— Я боюсь только за тебя.
— Давай, садись на лошадь! — попросил Мушков, когда она отпустила его руку и отошла от лошадей. Ночь была такой тихой, что даже степные мыши не пищали, а цикад, похоже, здесь вообще не было. — У нас впереди трудный путь. Нужно добраться до Пермской земли до наступления зимы.
Когда они добрались до реки и поскакали вдоль берега, уже занимался рассвет. В поселении остяков дети с интересом уставились на них, но женщины схватили ребятишек и спрятались в хижинах, а мужчины хмуро смотрели, не понимая, что нужно двум одиноким казакам. Собирать дань? Для этого их слишком мало. Для сбора дани прибывал большой отряд, которому бессмысленно было сопротивляться.

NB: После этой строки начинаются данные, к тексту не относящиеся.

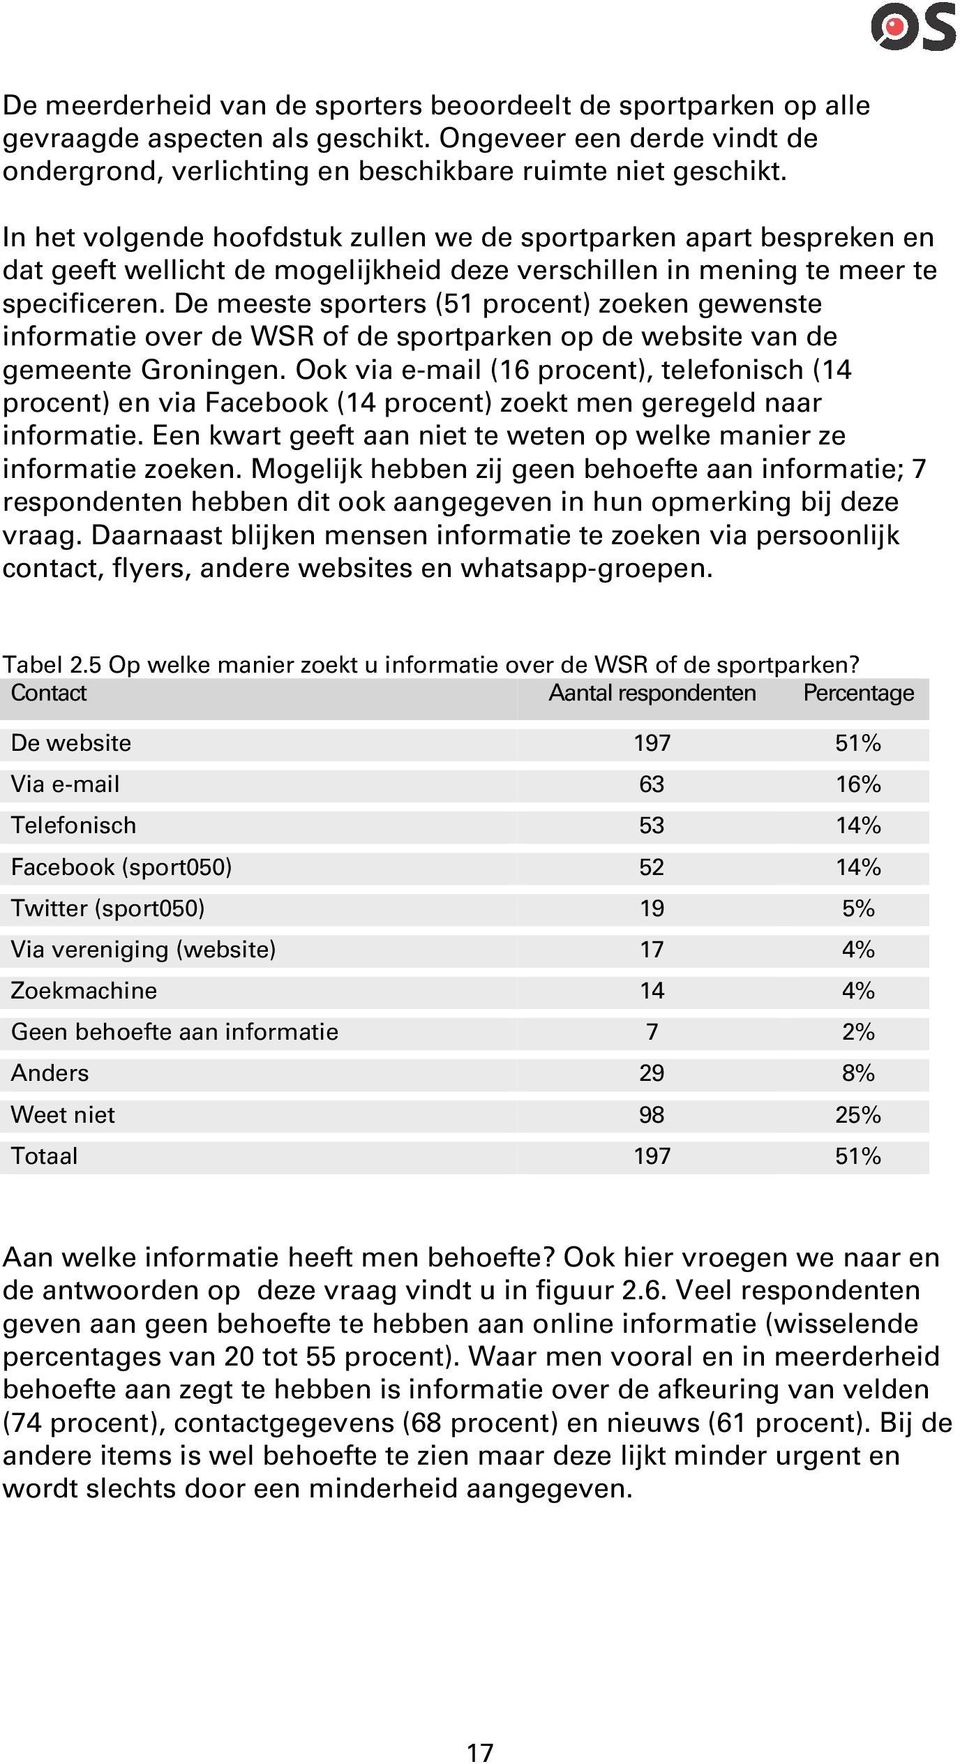 De meeste sporters (51 procent) zoeken gewenste informatie over de WSR of de sportparken op de website van de gemeente Groningen.

— Сабли наголо и с криком через деревню! — сказал Мушков и выхватил саблю из ножен. — Они тогда не сдвинутся с места!
Они взмахнули саблями, привстали в стременах, пустили лошадей галопом и с пронзительным криком промчались через поселение.
Ни одно копьё не полетело им вслед, ни одной стрелы, никто из мужчин не поднял даже кулак. Остряки были рады, что всё ограничилось лишь криком. Немного подождав, не вернутся ли эти двое назад, они продолжили свои дела.

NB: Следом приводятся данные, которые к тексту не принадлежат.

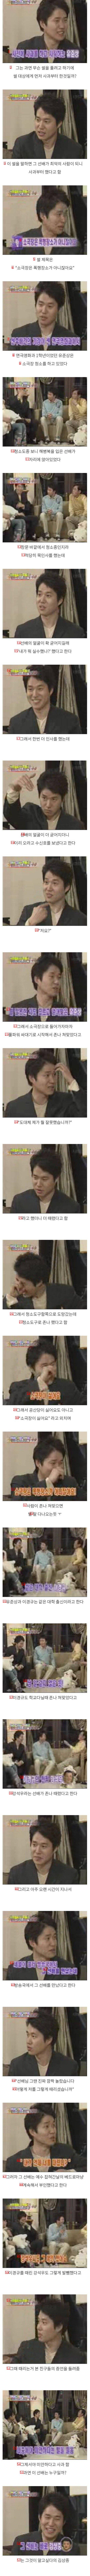 Kim Sang-joong defamed Namuwiki. LOL

Спустя четыре часа через это же поселение проскакал третий незнакомец с двумя вьючными лошадьми. Старик остановился, и устало слез с седла. Казалось, что от усталости он едва способен стоять прямо.
— Здесь были два казака? — спросил он на остяцком языке, который немного выучил по дороге на Тобол.
— Да! — Остяки указали на запад. — Двое и ещё две лошади.
Старик поблагодарил, помахал рукой и поскакал дальше.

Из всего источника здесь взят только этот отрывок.